In Bank of Marin v. England (1966), 385 U.S. 99, 87 S. Ct. 274, another case cited by appellant, the United States Supreme Court applied equitable principles to hold that payment by a drawee bank of bankrupt depositor's checks after the date of filing of a voluntary petition for bankruptcy was not a transfer within the meaning of former Section 110(d)(5), Title 11, U.S. Code, and the bank was not liable to the trustee for the amount of checks paid, when at the time of payment the bank had no knowledge or notice of the bankruptcy proceeding. The Supreme Court noted that the payee could be liable for payment if he received a voidable preference or other voidable transfer. The Supreme Court decision only briefly mentions the possible application of the negotiability proviso, and because the payee had previously settled with the trustee before the appeal the Supreme Court never discussed whether the payee was a holder in due course or whether requiring the payee to disgorge the proceeds of the check would impair the negotiability of the checks.

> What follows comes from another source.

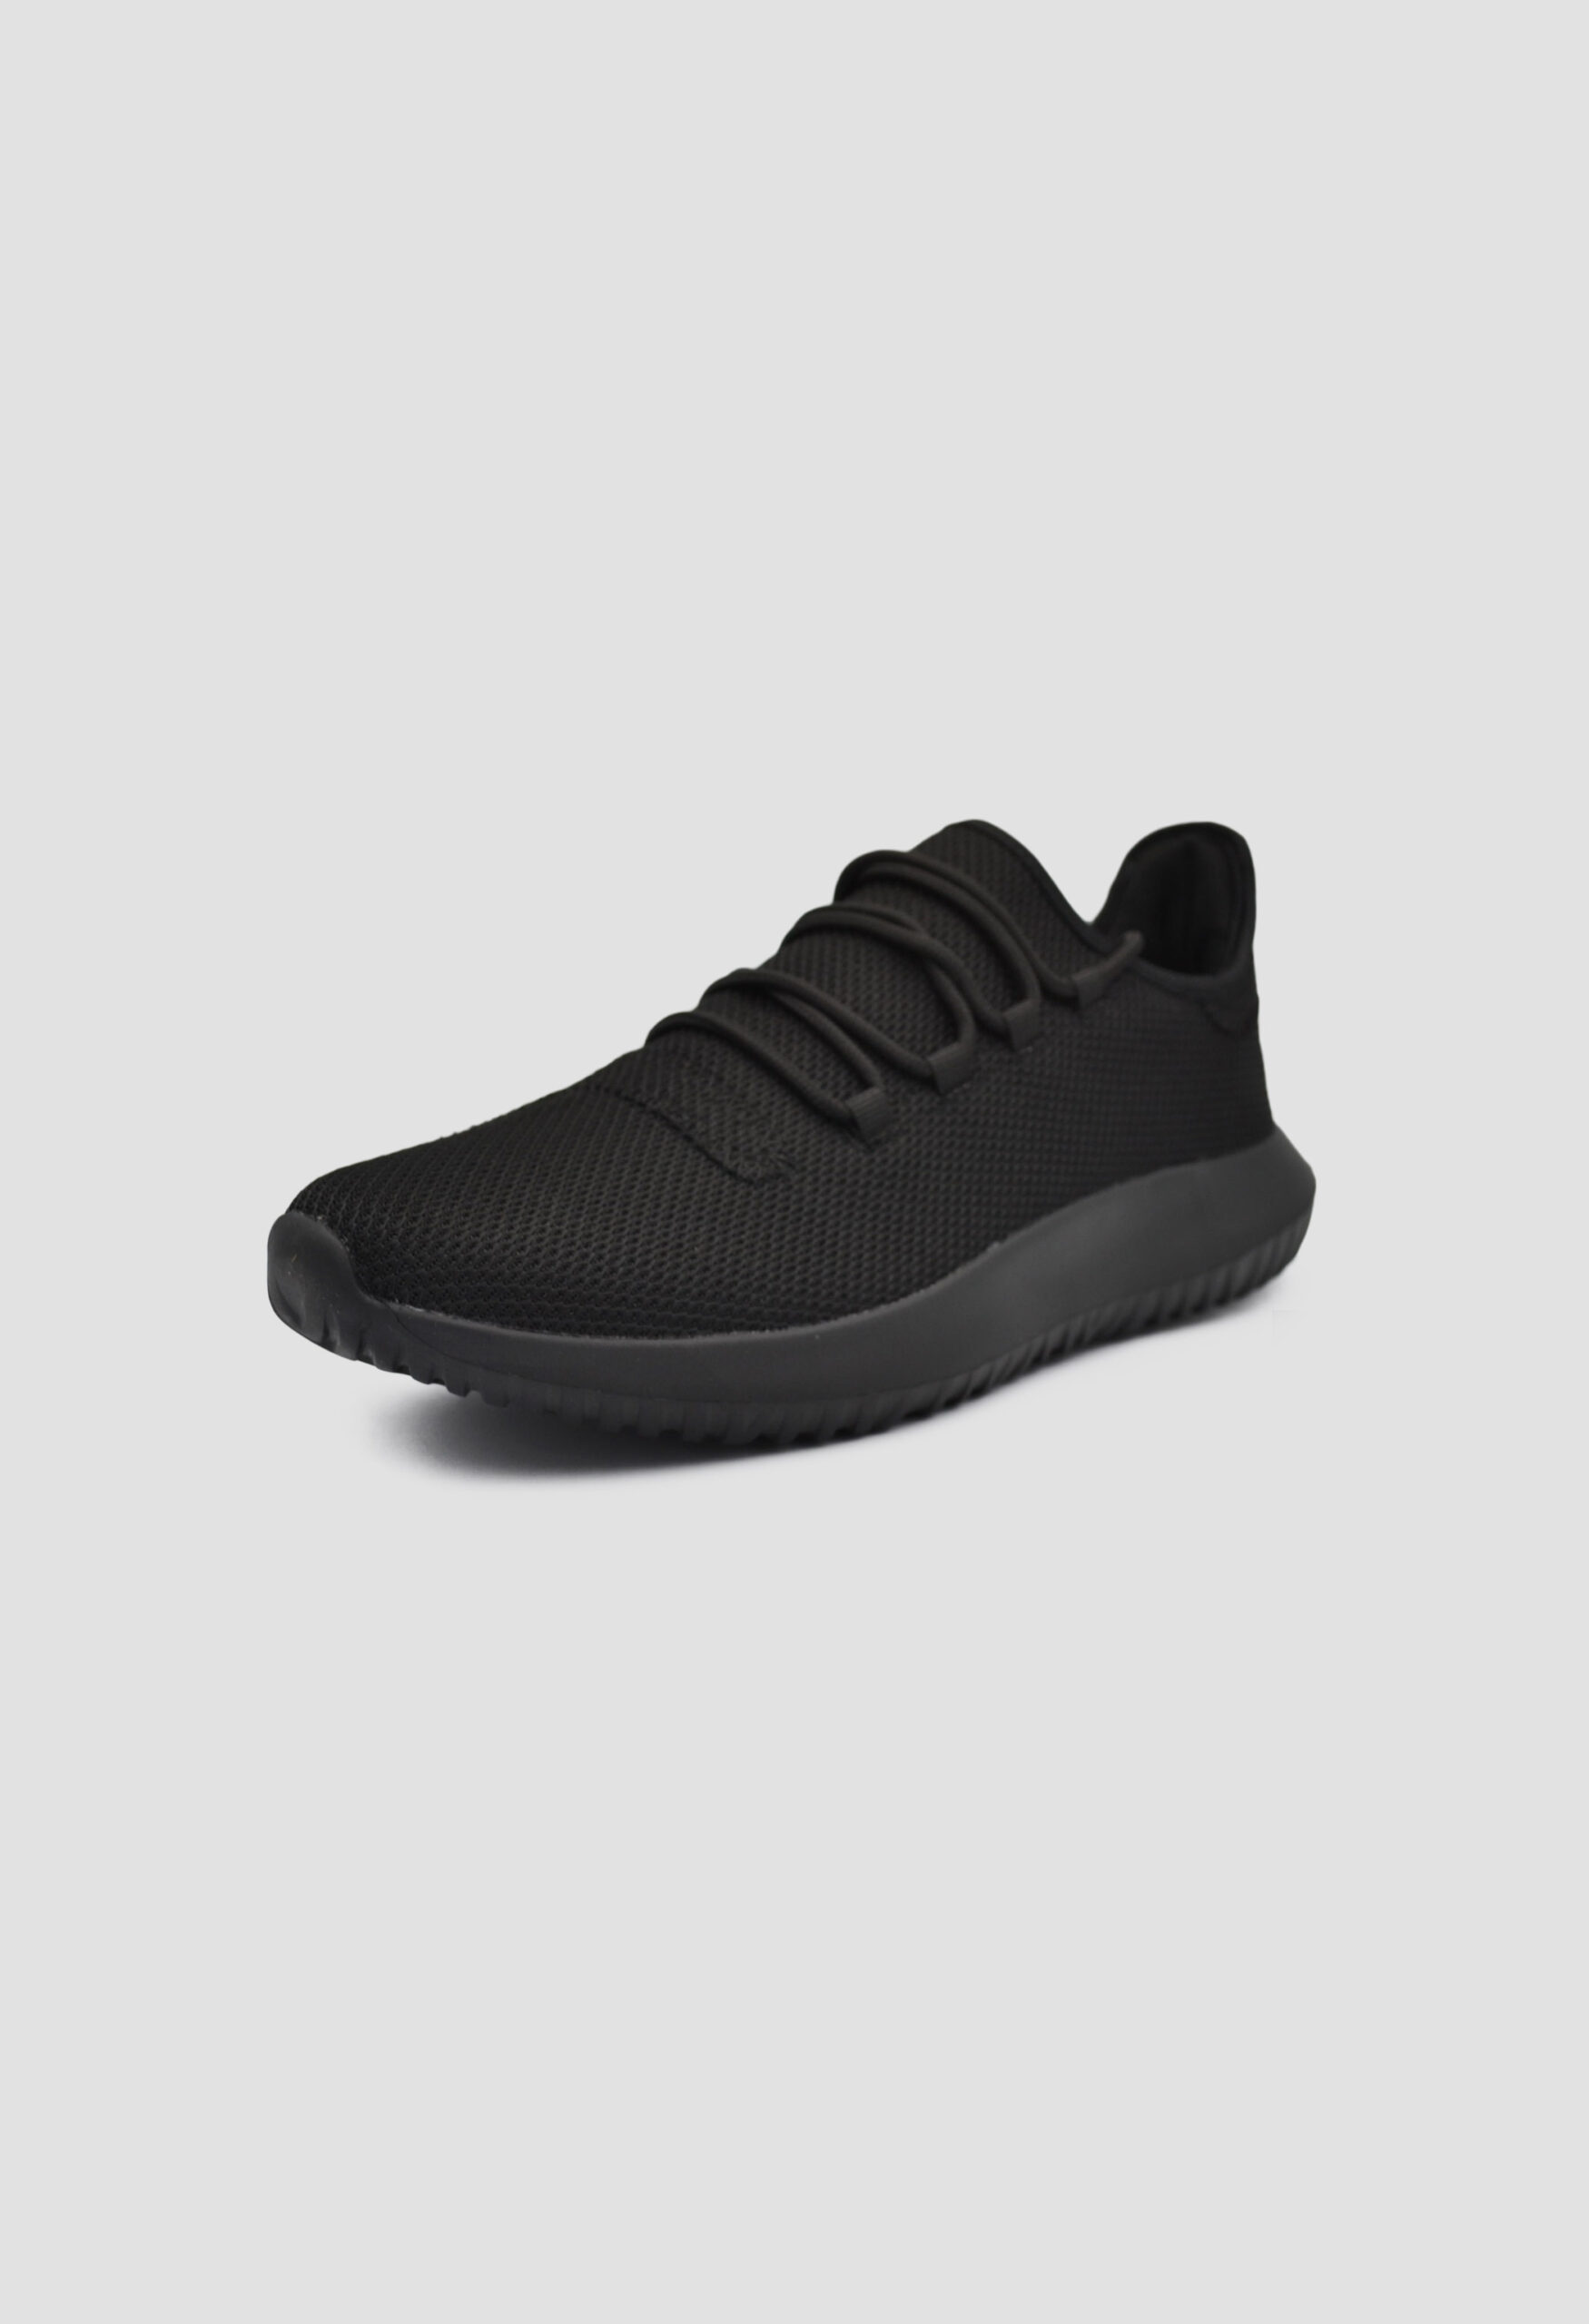 Ανδρικά Αθλητικά Παπούτσια για Τρέξιμο Μαύρο / M-871066-black ΑΘΛΗΤΙΚΑ & SNEAKERS joya.gr

In Rice v. Alpha Financial Group (C.A.9, 1987), 83 B.R. 8, a case not cited by the parties, the Ninth Circuit Court of Appeals looked at the amendments to the Bankruptcy Code and determined that the deletion of protection for holders of negotiable instruments was an intended modification of prior law. Therefore, the current Bankruptcy Code, Section 549, Title 11, U.S. Code, did not afford any protection to holders in due course of negotiable instruments, particularly in light of the deletion of the provision that "nothing in this title shall impair the negotiability of currency or negotiable instruments."
In light of these cases, if we are to derive any meaning from federal bankruptcy law in interpreting R.C. 3903.27(C) we find that it actually supports appellees' interpretation. Requiring a payee who is a holder in due course to disgorge the proceeds of checks that were issued before an order of rehabilitation was entered would impair the negotiability of a negotiable instrument. On these facts, the rehabilitator's action to have the transaction declared invalid, does not overcome appellees' status as holders in due course.
Based on the foregoing, we overrule appellant's assignment of error and affirm the judgment of the Franklin County Court of Common Pleas.
Judgment affirmed.
TYACK, P.J., and DESHLER, J., concur.